## Task item
The lines from the one containing "Very particular polychrome" through the final line of the data below must be written out exactly, both included, and nothing more.

Data extract START

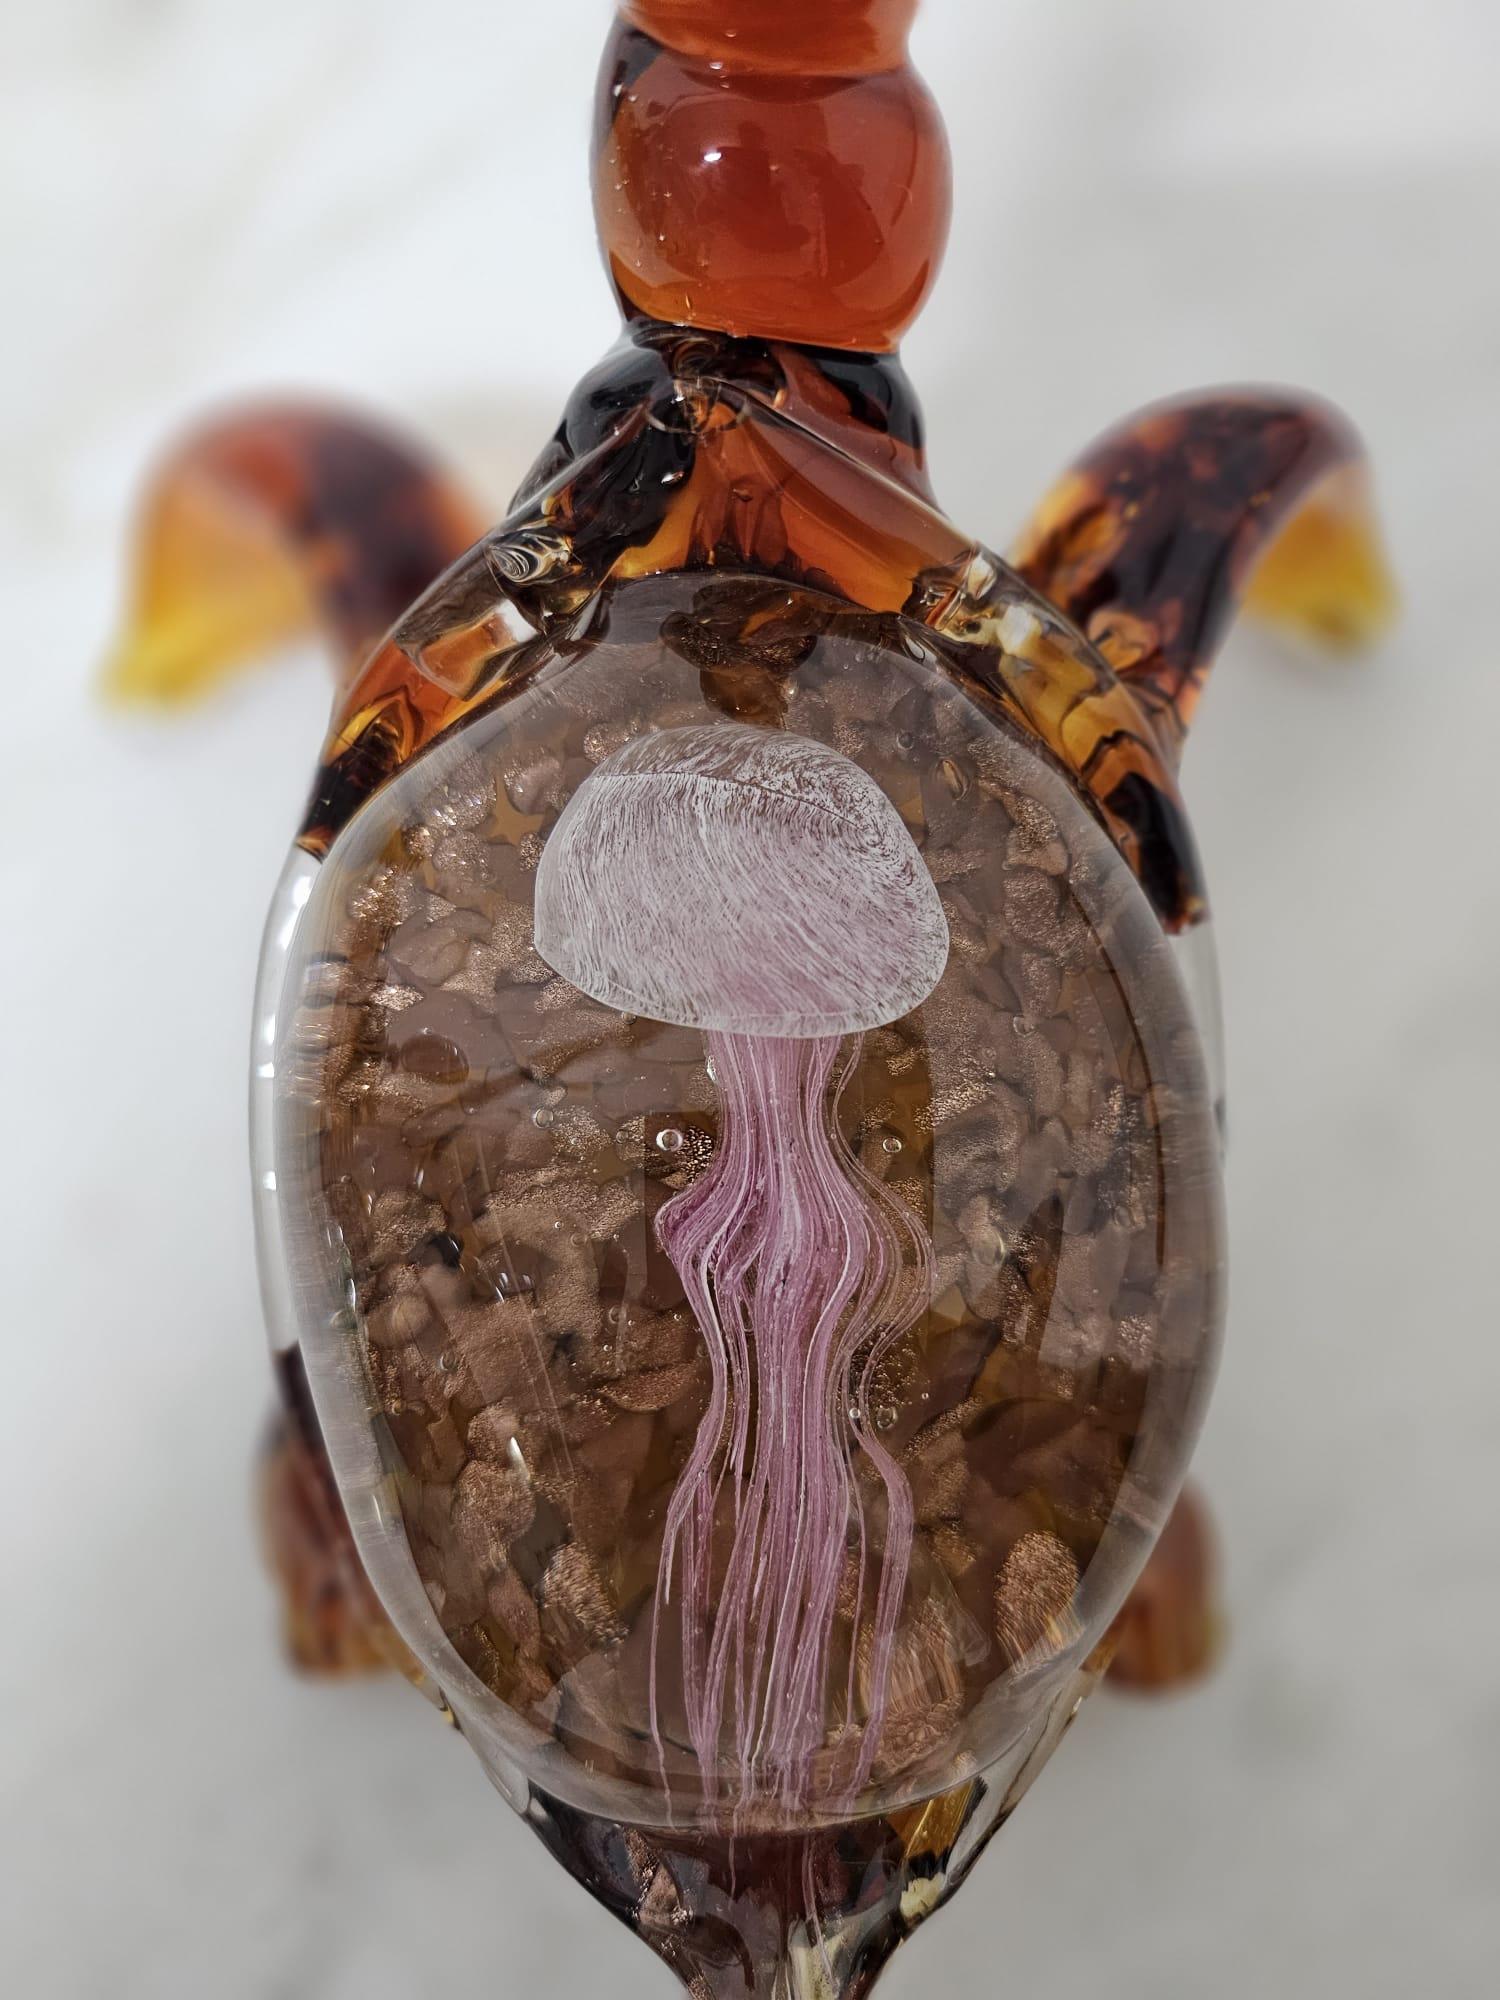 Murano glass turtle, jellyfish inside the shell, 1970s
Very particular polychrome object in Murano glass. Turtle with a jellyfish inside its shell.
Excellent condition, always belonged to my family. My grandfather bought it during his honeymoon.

Data extract END

## Written reply
Very particular polychrome object in Murano glass. Turtle with a jellyfish inside its shell.
Excellent condition, always belonged to my family. My grandfather bought it during his honeymoon.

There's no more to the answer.